ASSIGNMENT: Only the pictures are to be omitted; everything else in the listing must be reproduced exactly.

RAW DATA:

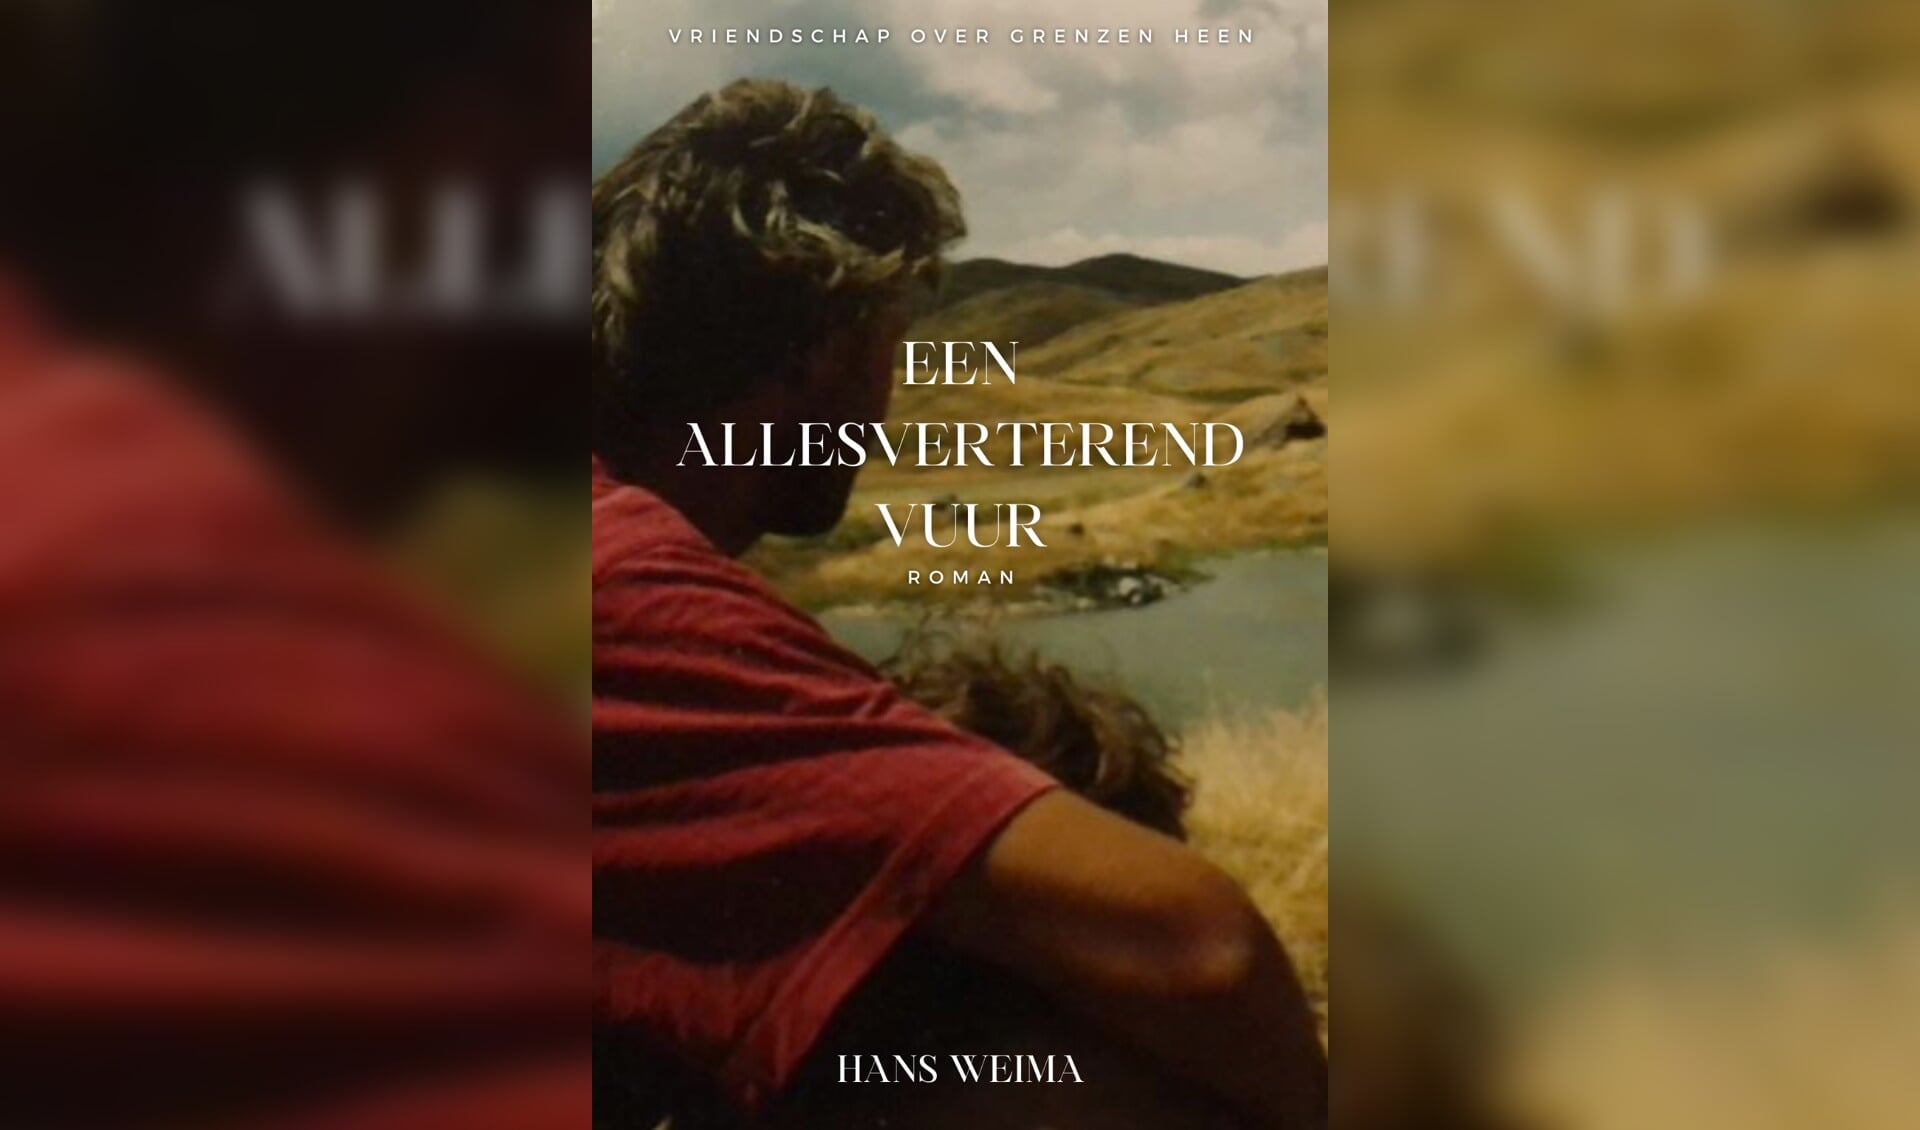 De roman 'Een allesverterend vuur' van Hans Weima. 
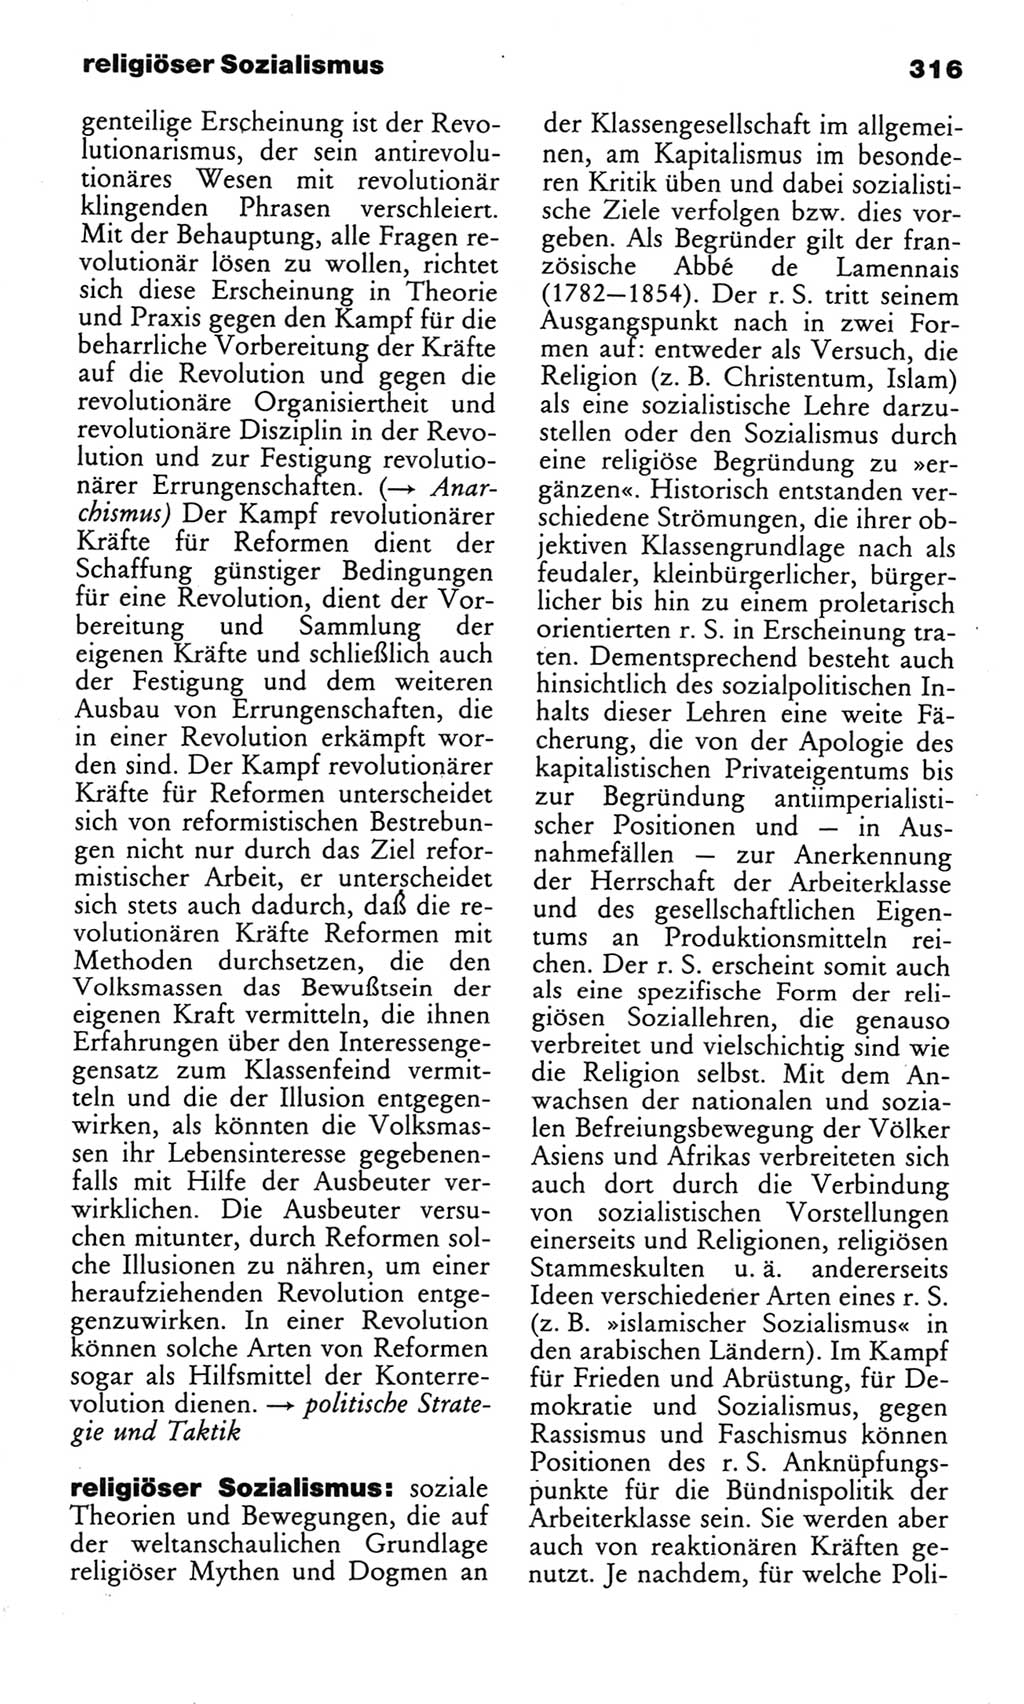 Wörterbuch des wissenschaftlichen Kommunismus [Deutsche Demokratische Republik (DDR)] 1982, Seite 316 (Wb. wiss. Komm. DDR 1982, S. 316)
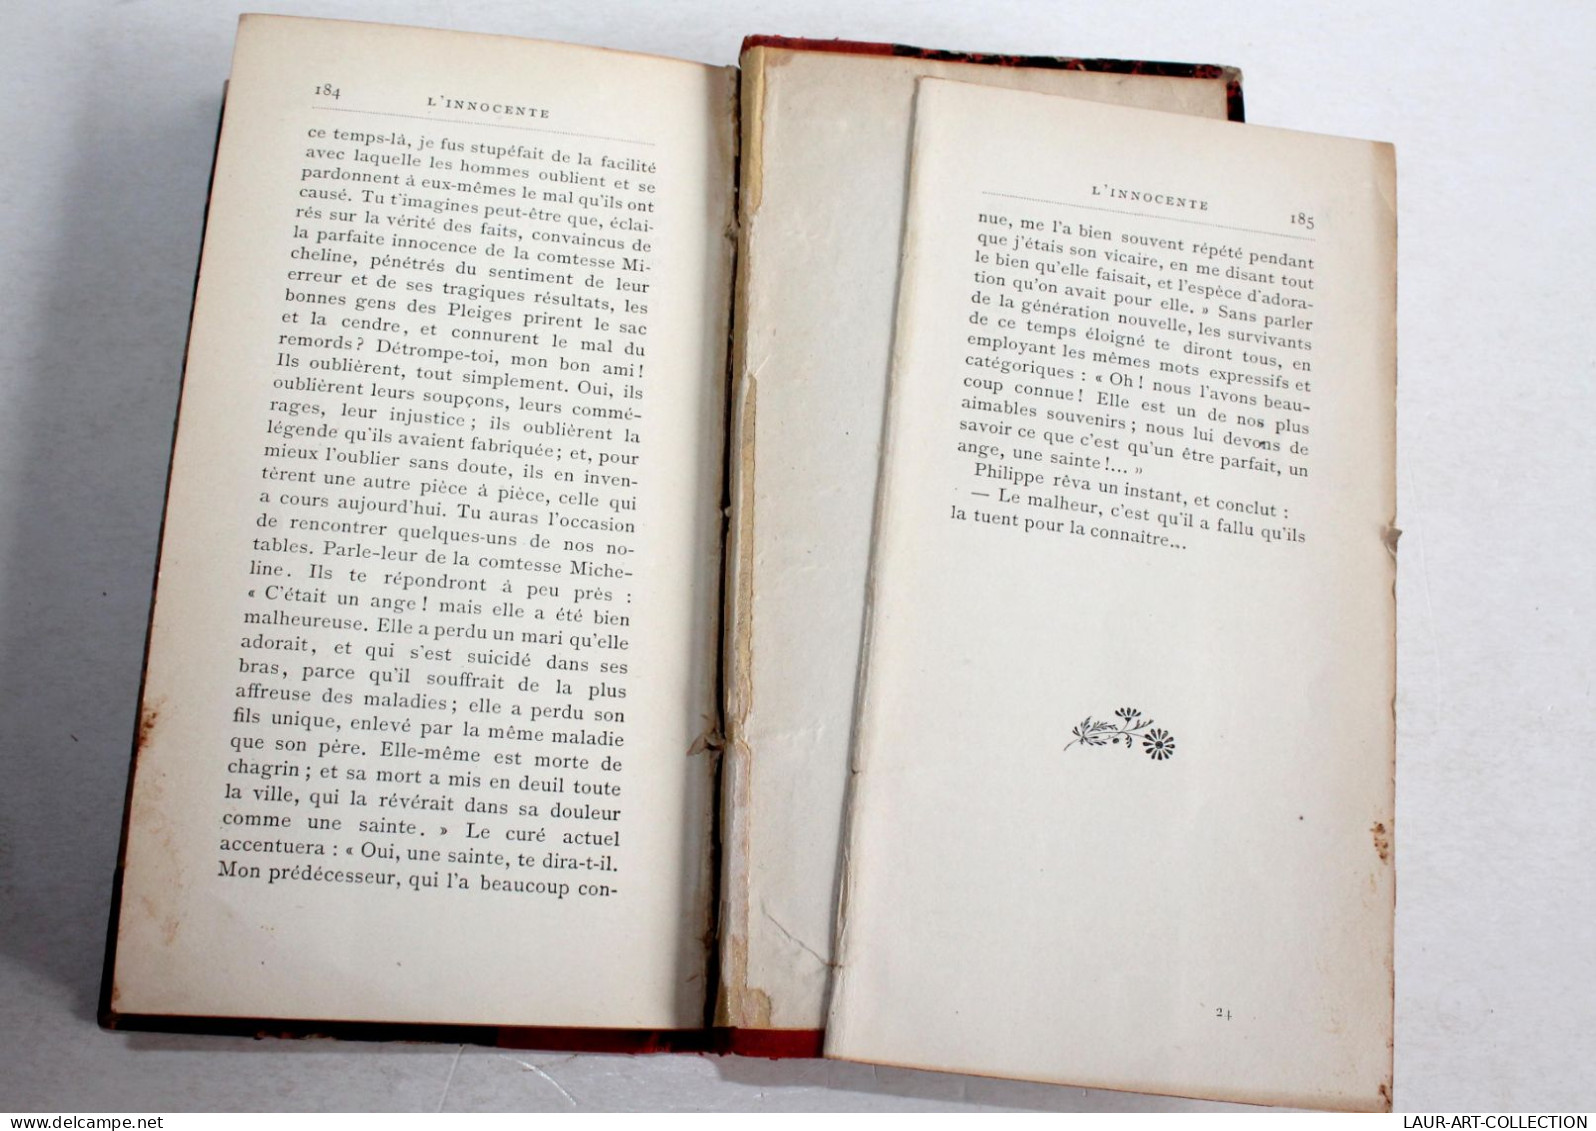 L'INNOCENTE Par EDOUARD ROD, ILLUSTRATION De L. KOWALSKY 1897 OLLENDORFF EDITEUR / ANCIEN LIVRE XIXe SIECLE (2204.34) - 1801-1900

THE COMPLETED TASK:
 De roman 'Een allesverterend vuur' van Hans Weima. 
 Wörterbuch des wissenschaftlichen Kommunismus [Deutsche Demokratische Republik (DDR)] 1982, Seite 316 (Wb. wiss. Komm. DDR 1982, S. 316)
 L'INNOCENTE Par EDOUARD ROD, ILLUSTRATION De L. KOWALSKY 1897 OLLENDORFF EDITEUR / ANCIEN LIVRE XIXe SIECLE (2204.34) - 1801-1900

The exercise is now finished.